In some implementations, it is not possible to consider every possible location and orientation of the camera. For example, there may be too many images to be processed given the available processing power to achieve near real-time output. This problem may be addressed by considering multiple representations of the camera position and using a gradient descent method with each to gradually improve the determined location and orientation of the camera. In other words, the data processing device 120 iteratively varies the virtual position of the camera to better map the virtual position to its actual physical position. Performing gradient descent on one representation finds a local minimum (i.e., a local best fit) of that representation, but does not guarantee that the local minimum is the global minimum. However, while the local minima of the different representations are unlikely to correspond to a single camera position, the global minima for each should appear with (approximately) the same camera location and orientation. Thus, the 3D mapping module 320 can distinguish between local minima and the global minimum by comparing two or more of the representations.
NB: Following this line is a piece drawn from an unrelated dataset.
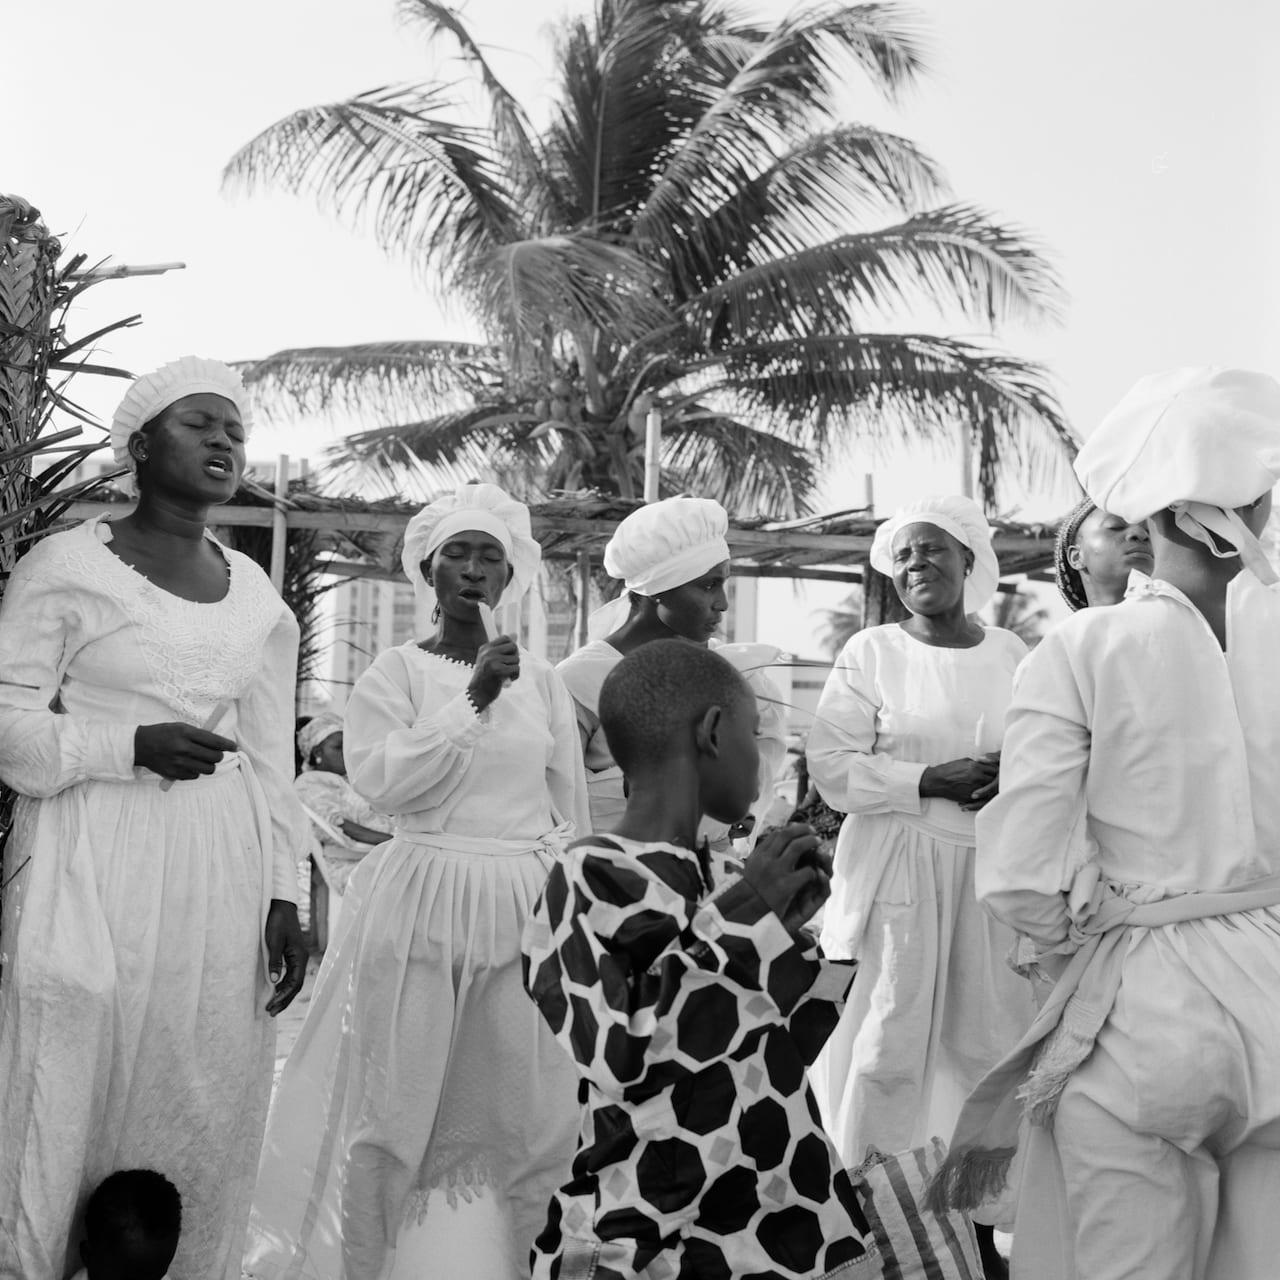 Akinbode Akinbiyi: Six Songs, Swirling Gracefully in the Taut Air

In one embodiment, the 3D mapping module 320 builds each representation based on one or more of the following: (1) the camera parameters themselves (location and orientation); (2) the location of the corners of the court (or field) in the image; (3) the selection of the lines in the image that correspond to the lines on the court; and (4) the selection of the portion of the court that is visible in the image, and its orientation (the entire court is generally not visible, since fans often obscure the near sideline, which can help distinguish an “end zone” image from a “sideline” image). The camera parameters in (1) are generally represented using nine floating point numbers, the positions of the corners in (2) correspond to four pixel locations in the image, the selection of the lines in the image (3) correspond to the identification of multiple pairs of pixel locations (each such pair corresponding to a single line), and the selection of the portion of the court visible in the image in (4) corresponds to a Boolean function labeling each known line on the court as “true” (visible in the image) or “false” (not visible in the image). Thus, the representations for these different features can be expected to differ for any given image. In other embodiments, other representations and methods of determining the location of the camera are used. For example, in one embodiment, a camera is preinstalled at a fixed location relative to the court. Thus, its precise location can be pre-calculated using the methods described herein or determined using other techniques, and then preprogrammed into the data processing device 120.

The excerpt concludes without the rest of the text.